When it’s over, she’ll go home, take off the gown, let the spray tan fade. She will hope that those in attendance might think differently, now, about weddings, marriage, divorce, and the jangled mess of love and loathing in modern America. That they will be jarred into thinking about how easy it is for people to get married and divorced and married again — assuming the government has granted them that right.
Her performance art piece is called “Save the Date.” It will take place at the Corcoran Gallery of Art as part of the museum’s “Take It to the Bridge” series, co-sponsored by the Washington Project for the Arts. “The Bridge” is a 7-foot-by-7-foot plexiglass cube that was recently installed above the Corcoran’s entryway. Artists in the series will use the Bridge as both the space and inspiration for their installations or live performances.
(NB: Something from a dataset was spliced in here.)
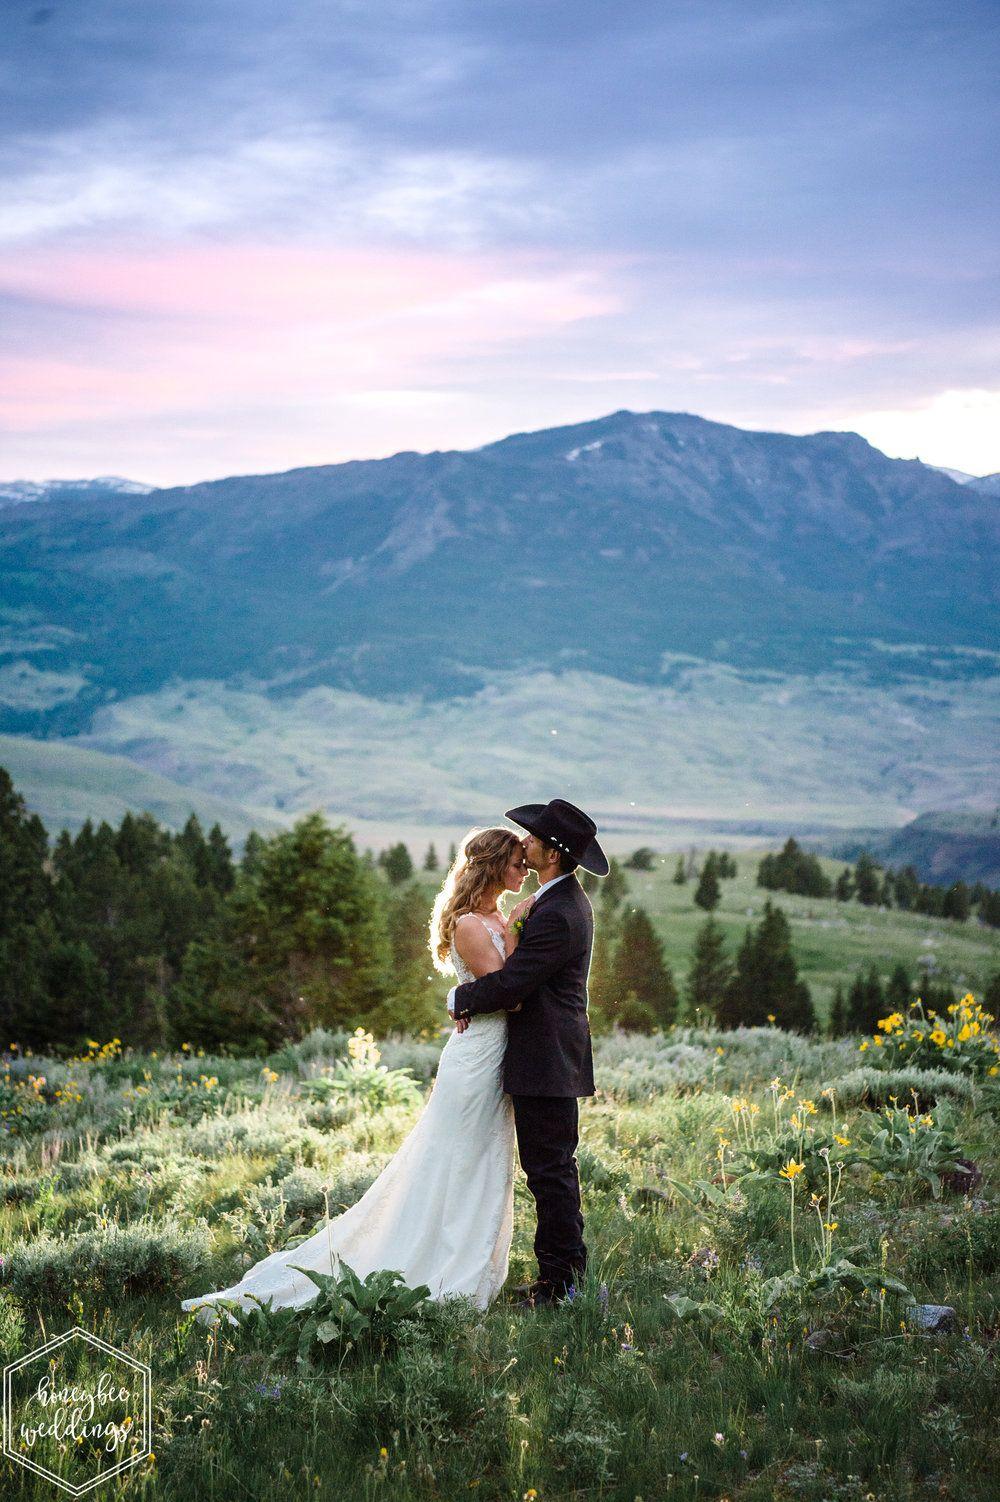 Yellowstone National Park Wedding National Park Wedding Mountain Wedding Photos Park Weddings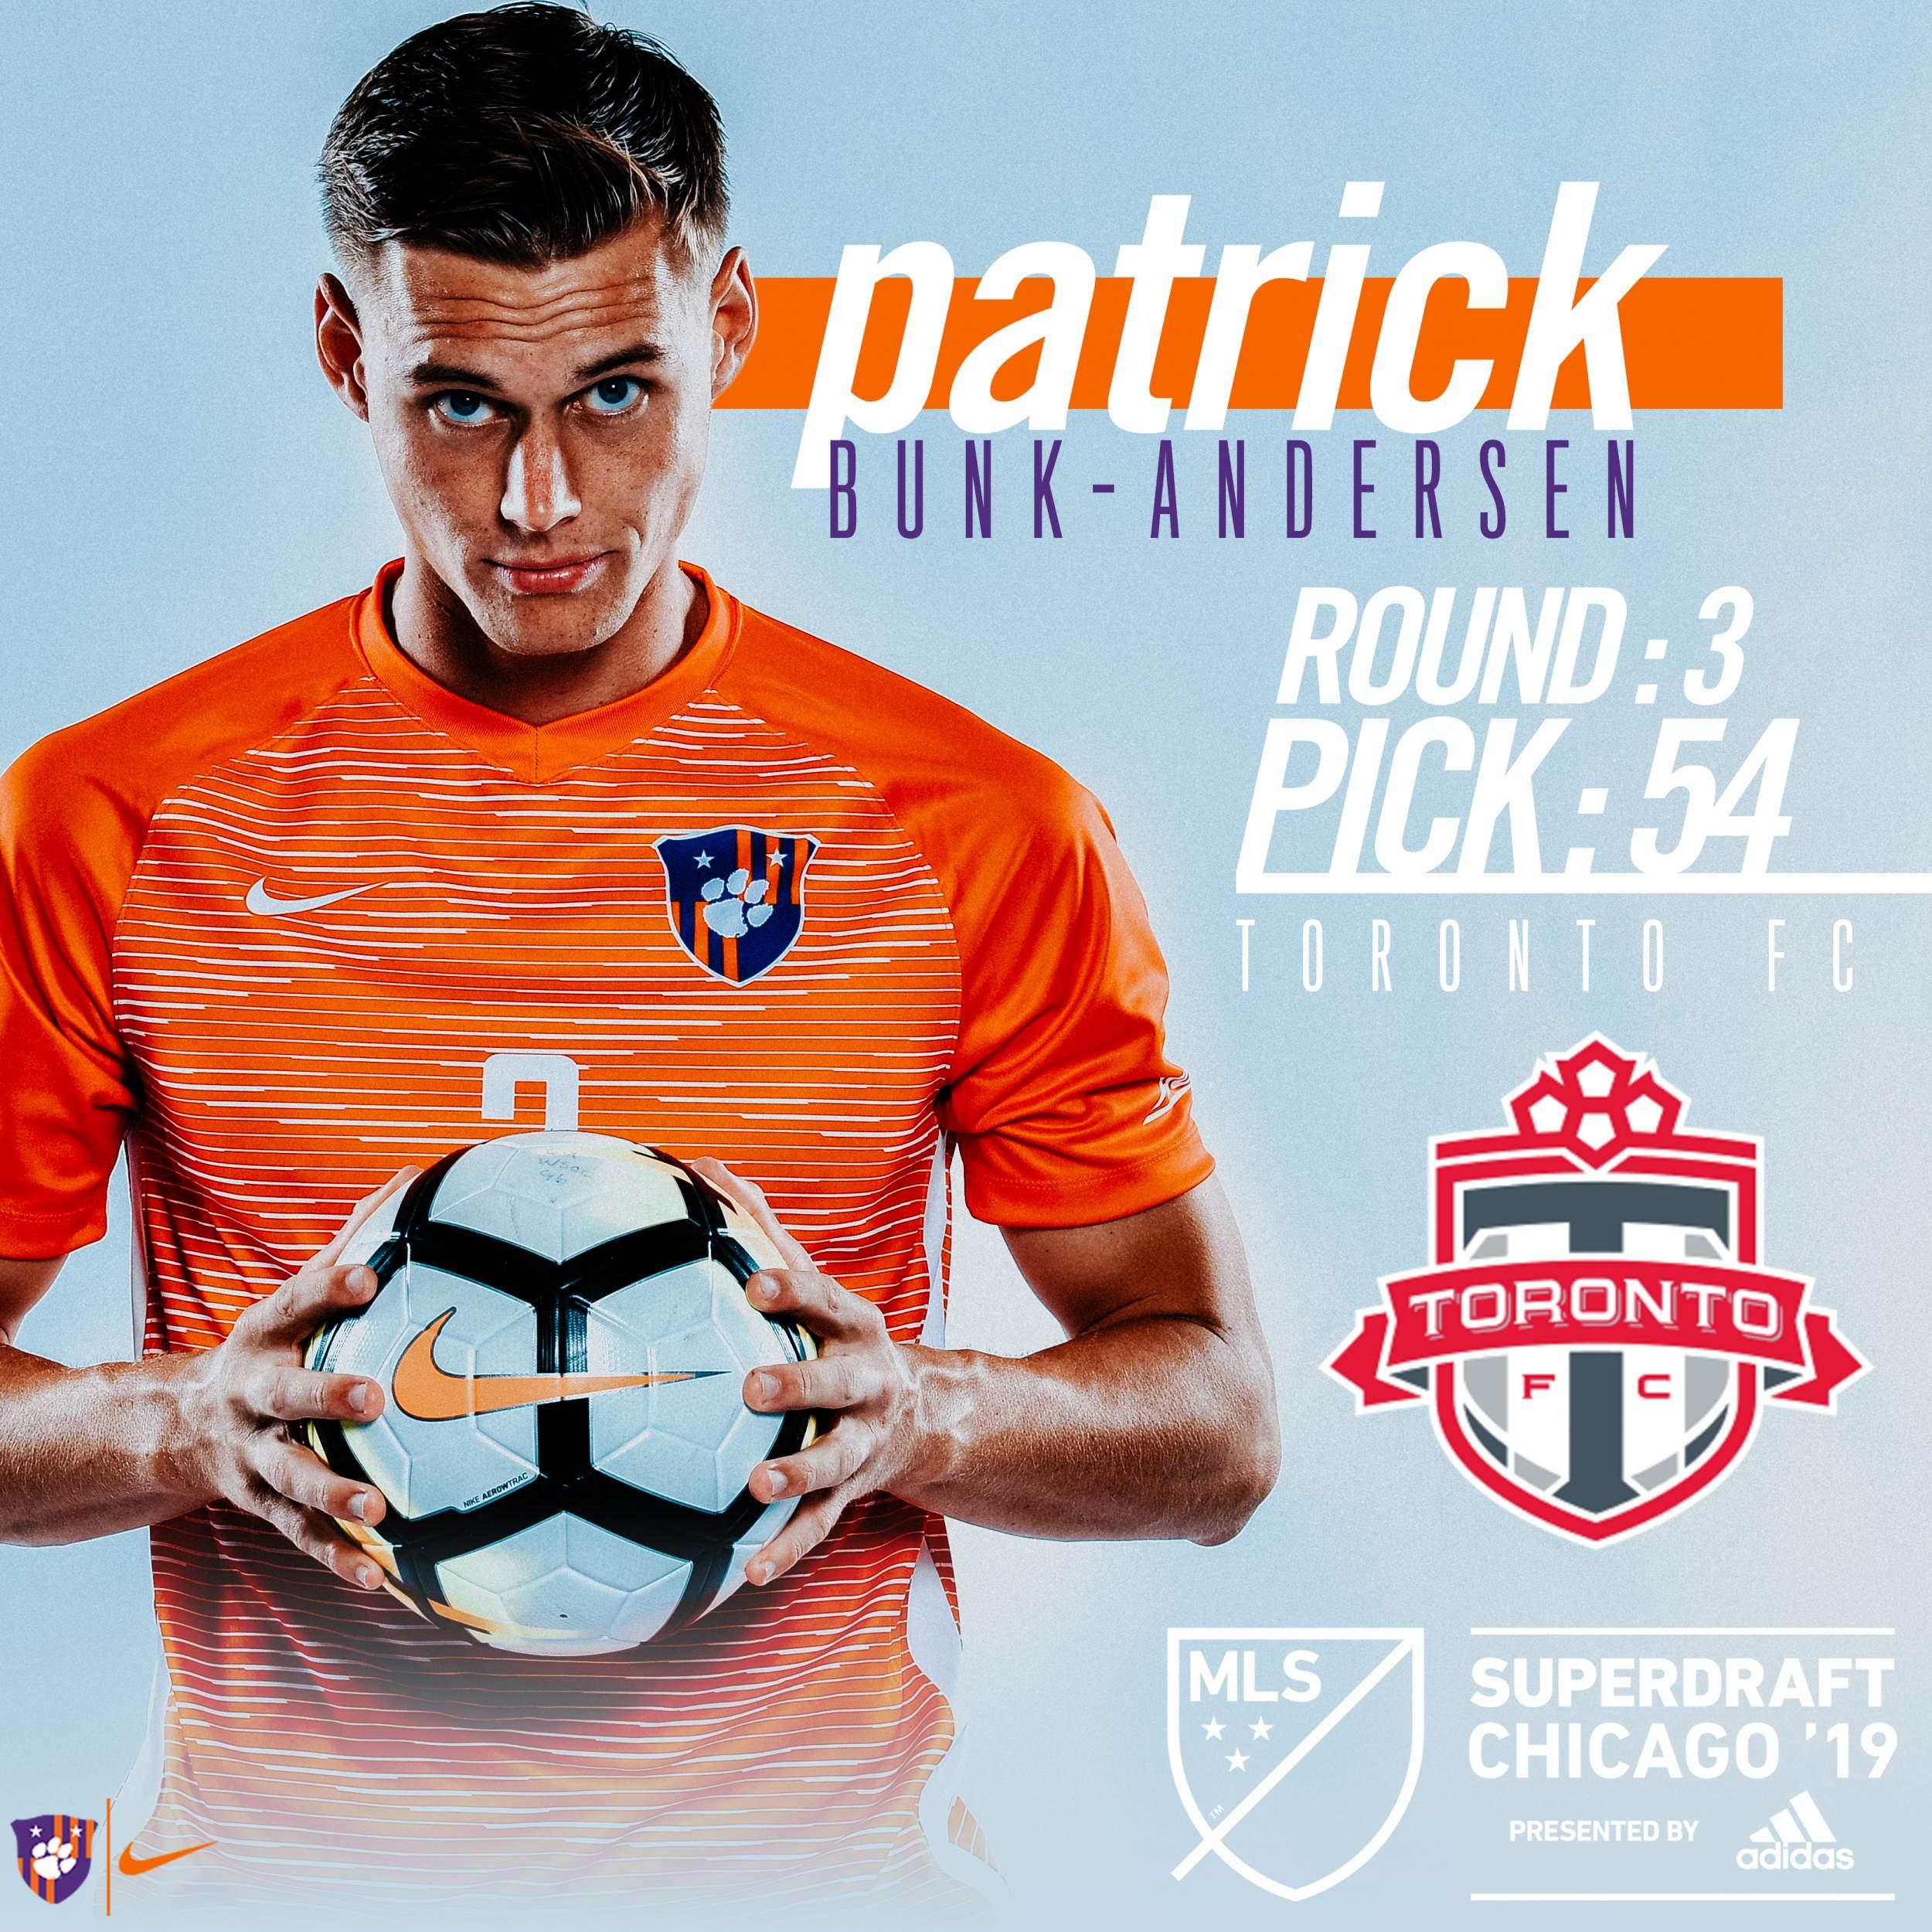 Bunk-Andersen Selected in Third Round of 2019 MLS SuperDraft

Two weeks ago, Chajana Denharder attempted to sleep in the chamber. Upcoming projects include a performance piece that looks at stereotypes of Hispanic immigrants and an installation of screen prints that take advantage of light coming through the glass.
Cornelius, who is 33 and has been doing performance art since 2003, immediately knew she wanted to take part in the series when the call for proposals went out this spring. Her recent works have explored the language of pain, so she first thought she might do something on that. Then it hit her as she sat in the studio of her Columbia Heights home: weddings.
Throughout her arts career, Cornelius has scrutinized social institutions and constructs that generally go unquestioned. And few institutions are as ripe for inspection as 21st-century weddings. Within two hours of having the idea, her proposal was written.
Cornelius, who works as an information technology project manager by day, easily passes for Washington Everywoman in grayish-tan slacks and a cardigan. She is fluent in the language of theory that one picks up as an art history minor; her work pulsates with attitude, verve and intense relevance.
In an orange jumpsuit she once scrubbed the floors and sidewalks outside 14th Street galleries to represent how artists clean up neighborhoods, then get priced out of their studios by eager developers. In perhaps her most recognizable video, “Resolve,” she vacuums a beach to the hymn “Autumn” — reportedly the last song played by the band on the Titanic.
“Save the Date” examines the elaborate trappings of weddings by going through the prescribed motions of the ritual: carry the flowers, say “I do,” kiss. But she also intends for the piece to provoke questions about our attitudes toward commitment and marriage equality. Cornelius will wed people of both genders throughout the day.